HomeBusinessConsumer stocks diverge as Walmart disappoints, citing inflation

Consumer stocks diverge as Walmart disappoints, citing inflation

By Sinéad Carew

(Reuters) – Shares in consumer discretionary and staples stocks were trading in opposite directions on Tuesday as encouraging retail sales data was countered by disappointing earnings and financial targets from Walmart, which blamed high inflation.

Walmart shares closed down 11.4% after it reported a 25% quarterly earnings decline and cut its full-year profit outlook due to rising fuel and labor costs, while shoppers, squeezed by decades-high inflation on basic needs like food, reined in purchases of nonessential items.

That put Walmart shares on track for its biggest daily percentage drop since an 11.79% tumble on Oct 16, 1987, the last trading session before the “Black Monday” stock market crash in which the Dow Jones Industrial Average plunged more than 22%.

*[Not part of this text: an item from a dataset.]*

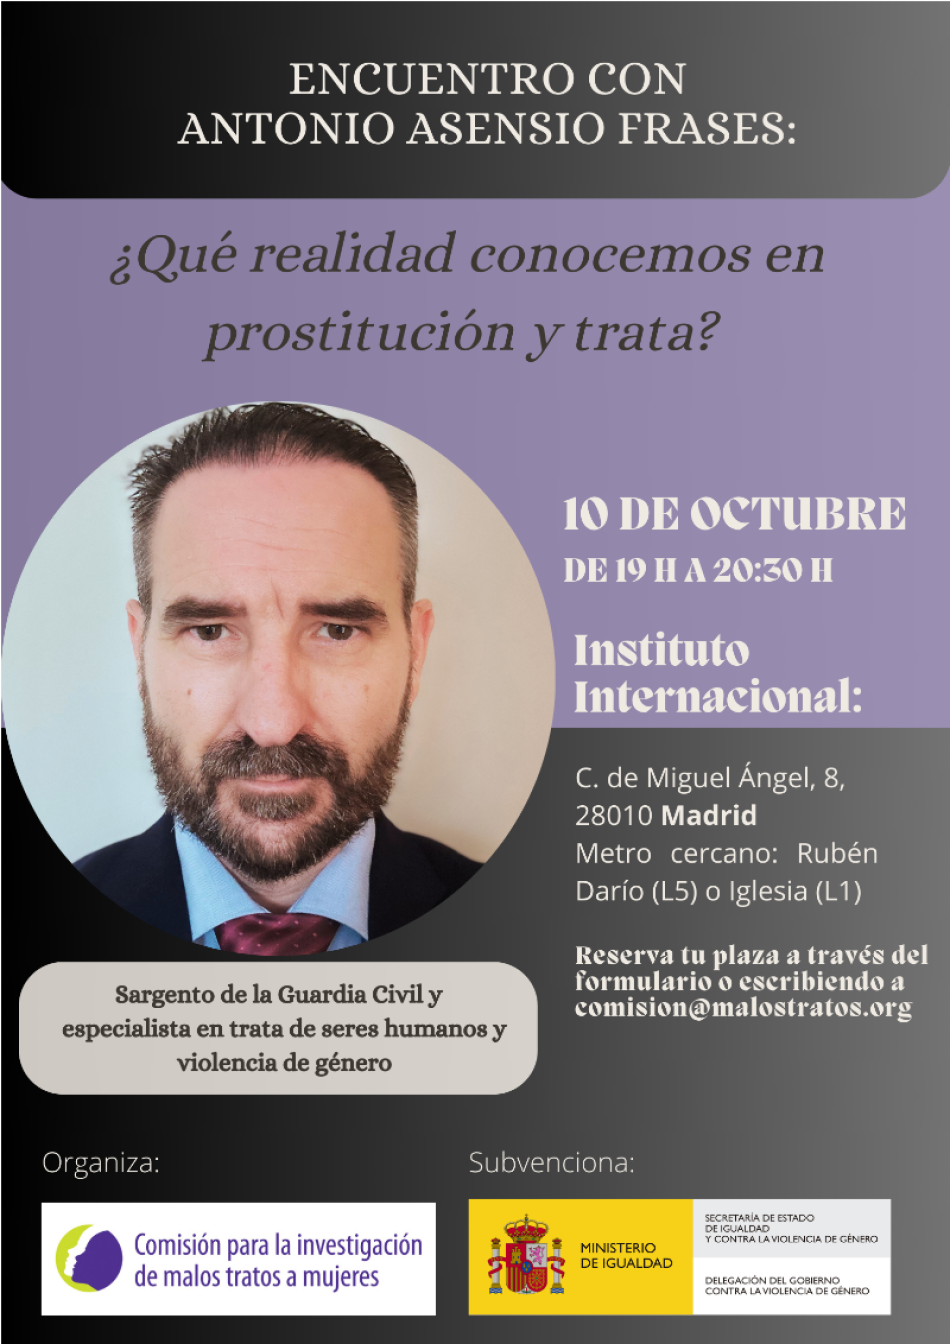 La CIMTM organiza en Madrid el encuentro «¿Qué realidad conocemos en prostitución y trata?» con el Sargento de la Guardia Civil, Antonio Asensio Frases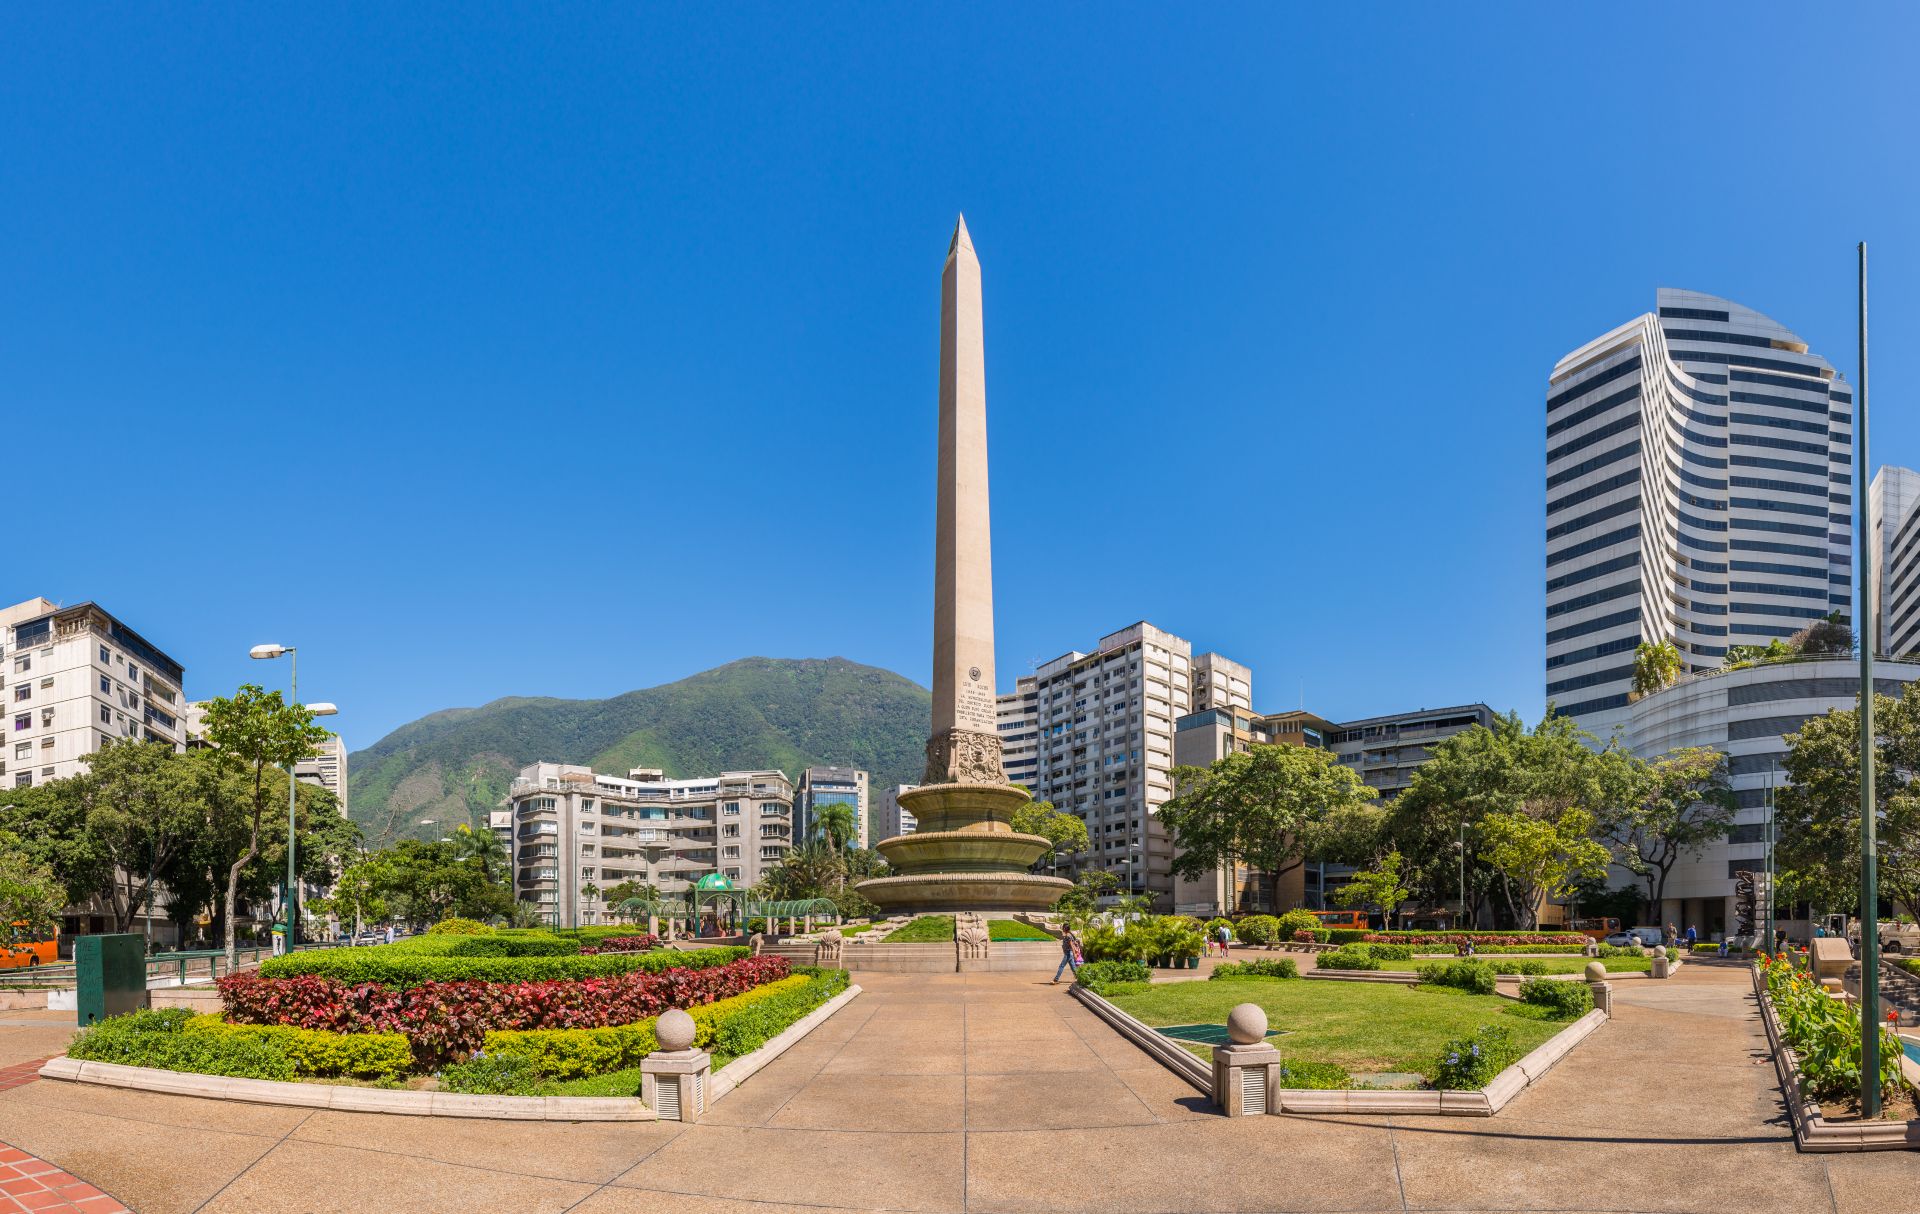 弗朗西亚广场（又称阿尔塔米拉广场），位于委内瑞拉首都加拉加斯。

Dragged by Walmart, shares in Target Corp finished down over 1% ahead of its earnings report due Wednesday morning. Dollar General and Dollar Tree both fell 3%.

But while the S&P 500 consumer staples sector declined 1%, the benchmark’s consumer discretionary sector gained 2.7% as some clothing, travel and automaker shares gained ground.

Data showed U.S. retail sales rose strongly in April as consumers spent more on motor vehicles due to supply improvements. They also spent more at restaurants, boosting the economy at the start of this quarter.

The contrast, according to some strategists, is because soaring inflation has a bigger impact on lower-income customers who shop at Walmart or dollar stores than consumers who can still buy pricier items from companies including Under Armour, up 4%, Ralph Lauren, up 3.8% and PVH Corp up 3.4%.

Since price increases resulting from the war between Russia and Ukraine were in purchases “the consumer cannot do without” such as food and energy, Eric Theoret, global macro strategist at Manulife said, the lower-income consumers are seeing “real income shock.”

“In terms of ability to spend, the lower-end consumer is also much closer to having exhausted their pandemic savings. With respect to earnings, we are seeing solid wage gains at the lower quintiles but even these are unable to keep pace with inflation – eroding consumers’ ability to spend,” Theoret said.

This trend was also in evidence in shares of packaged food companies such as Kraft Heinz, down 2% and General Mills, down 0.7%, after Walmart said shoppers switched to cheaper store-branded goods from well known labels.

Still, while some wealthier consumers are also looking for grocery store savings, the retail sales data showed that people still have money to spend, noted Lindsey Bell, chief markets and money strategist at Ally.

“The consumer is still spending. The consumer isn’t dead … The consumer is really interested in spending their money on services and experiences,” said Bell, noting that it might be part of the reason clothing store shares were rising.

“Going out, taking part in different activities requires you dress the part,” she said.

Also, so far in 2022, the staples sector has outperformed, showing a 1% year-to-date decline compared with a plunge of about 25.9% in consumer discretionary stocks.

“Investors are starting to realize they left consumer discretionary sector stocks in general for dead with a big exit from the discretionary sector and into staples,” said Bell.

Jim Paulsen, chief investment strategist at The Leuthold Group in Minneapolis, noted that even though consumers are very fearful right now, “they are in really good shape.”

“Almost every fear we have is really tied to one fear – inflation,” said Paulsen. But he believes inflation may be stabilizing, which would mean investors and consumers can also stop worrying about things like rising bond yields, Federal Reserve rate hikes or an imminent recession.

“If inflation is rolling over it’s going to lift consumer confidence. I think it’s going to run right through Main Street as well as Wall Street,” he said.